In this study, we found that the gut microbiota profile of Db mice was distinct from that of Wt mice. Several studies have shown that the gut microbiota might be an important contributor to the development of T2D. Ridaura et al. discovered that the obesity-associated metabolic phenotype can be transmitted from humans to mice by FMT [28]. In males with metabolic syndrome, FMT from lean male donors results in a significant improvement in insulin sensitivity, increased gut microbiota diversity and a remarkable increase in butyrate-producing bacteria [29]. However, in this study, FMT from Db mice had no effect on diabetes-related parameters, possibly due to the short period of transplantation. Studies by both Qin et al. [8] and Karlsson et al. [30] showed that T2D subjects exhibit reduced abundances of Clostridiales bacteria, such as Roseburia and Faecalibacterium prausnitzii, which are known as butyrate-producing bacteria. Thus, supplementation with butyrate might elicit favorable effects on diabetes-related parameters. In this study, we found that SB supplementation reduced food/water intake, fasting blood glucose levels and serum TG levels in Db mice. These data are consistent with those of Mollica et al., who found that oral administration of butyrate improves insulin sensitivity, and reduces serum TG levels and energy expenditure in diet-induced obese mice by enhancing mitochondrial function [31].

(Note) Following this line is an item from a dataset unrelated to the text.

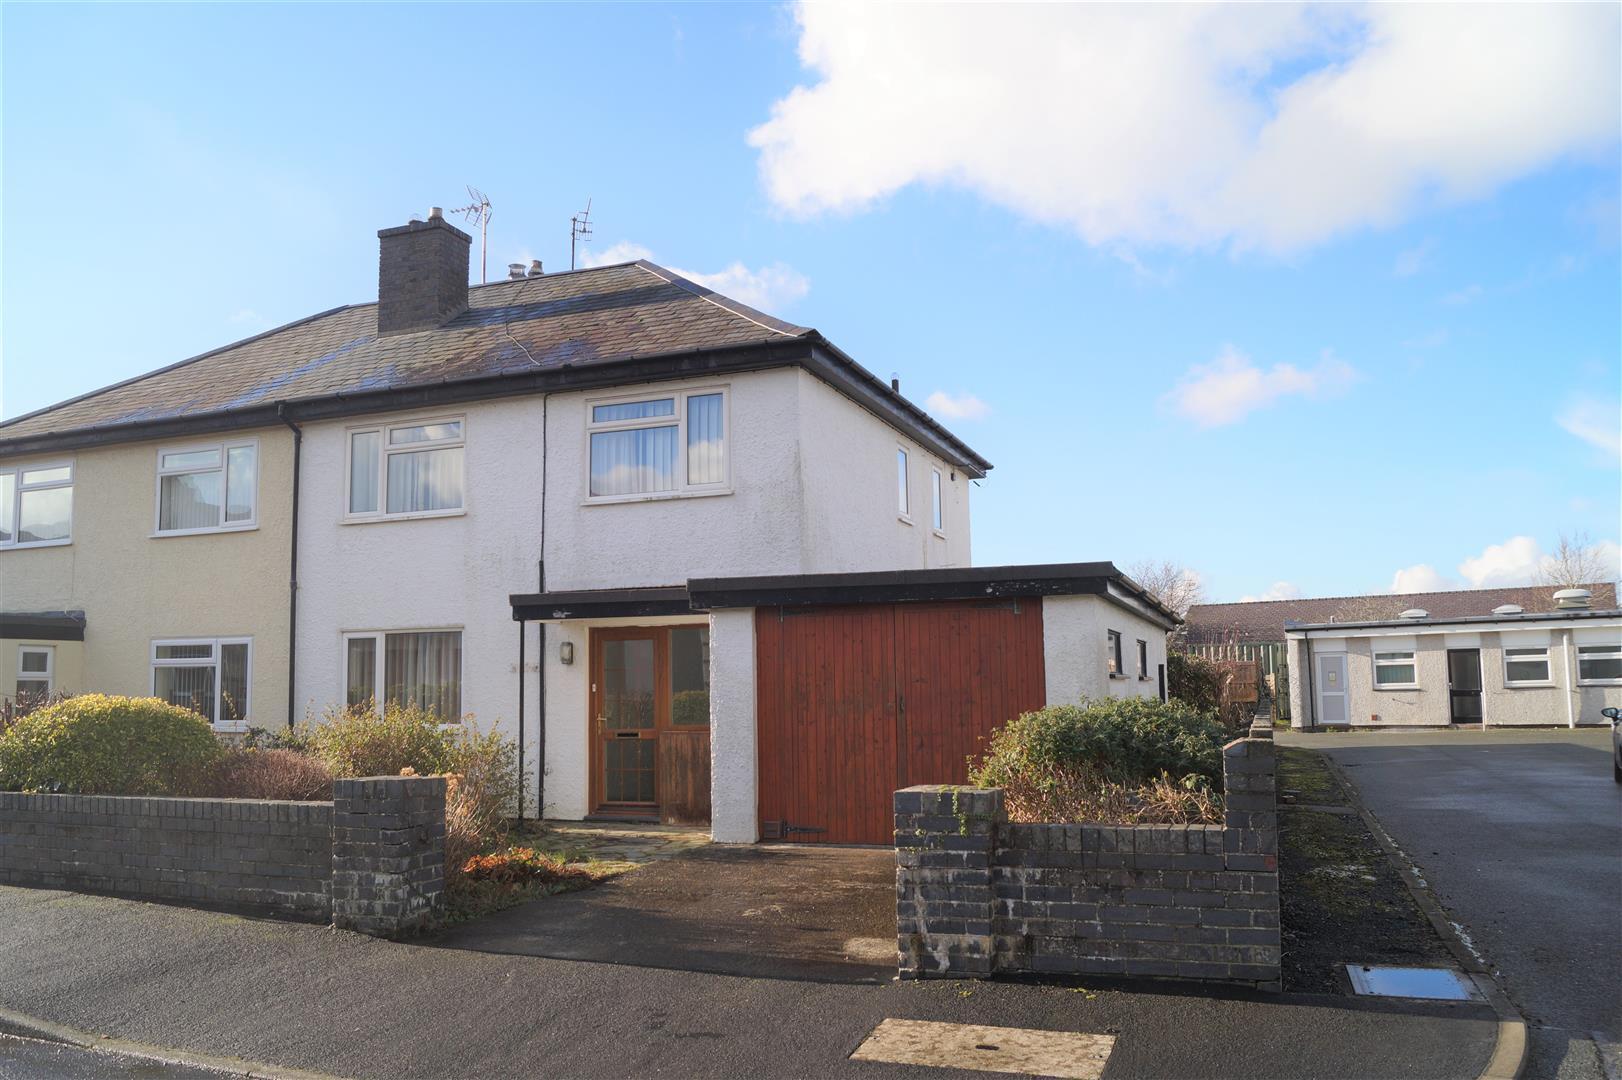 Manor Avenue, Pwllheli - £189,000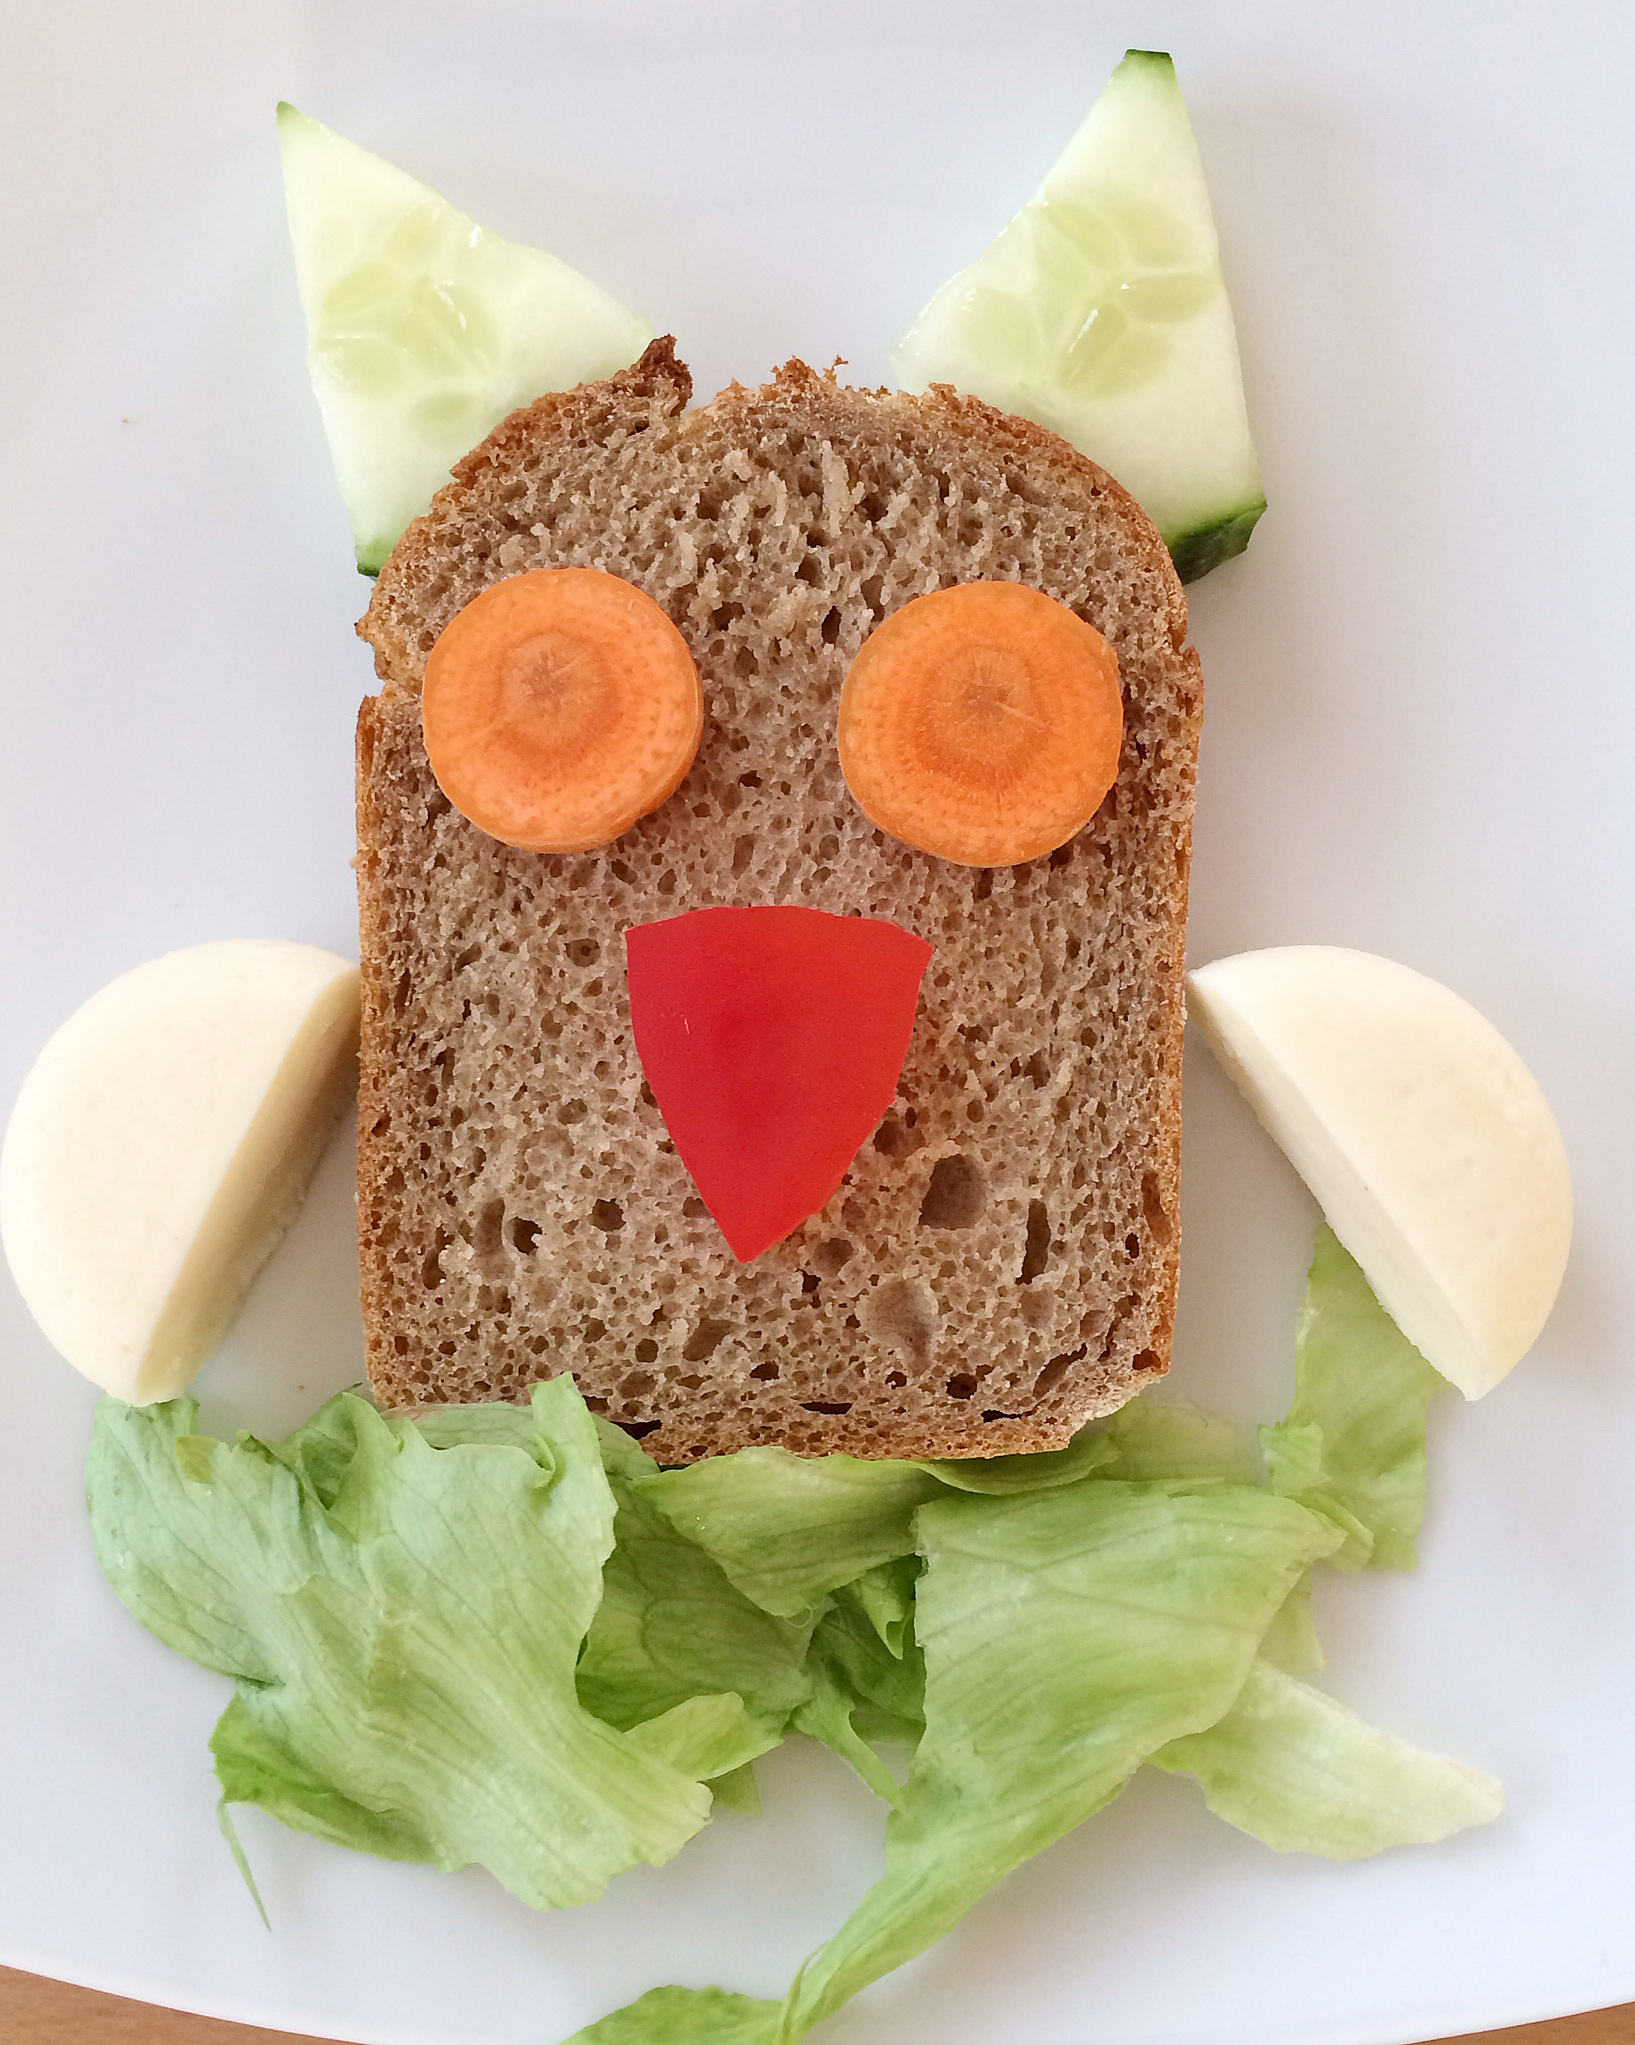 Schnell gemachte Eule. Aus Brot, Salatgurke, Karotte, Mini-Babybel, Eisbergsalat.

We also found that SB supplementation shaped the gut microbiota of Db mice, with SB-treated mice exhibiting a relatively higher abundance of butyrate-producing bacteria than NaCl-treated mice. Notably, in line with data published by Zhou et al. [19], we observed that SB treatment significantly increased the abundance of Christensenellaceae, a recently described family member of the phylum Firmicutes. Christensenellaceae have been shown to be enriched in individuals with a normal body mass index (BMI) compared to obese individuals with a BMI over 30 [32]. Moreover, increases in Christensenellaceae have been demonstrated following diet-induced weight loss [33]. A recent study found that a higher abundance of Christensenellaceae was positively associated with a lower cardiometabolic risk score in a cohort of 441 Colombians [34]. Moreover, Christensenellaceae has also been found to be associated with healthy glucose metabolism [35, 36]. However, the mechanism underlying its negative association with metabolic symptoms remains to be elucidated. Future studies focusing on Christensenellaceae might help gain insight for the treatment of T2D.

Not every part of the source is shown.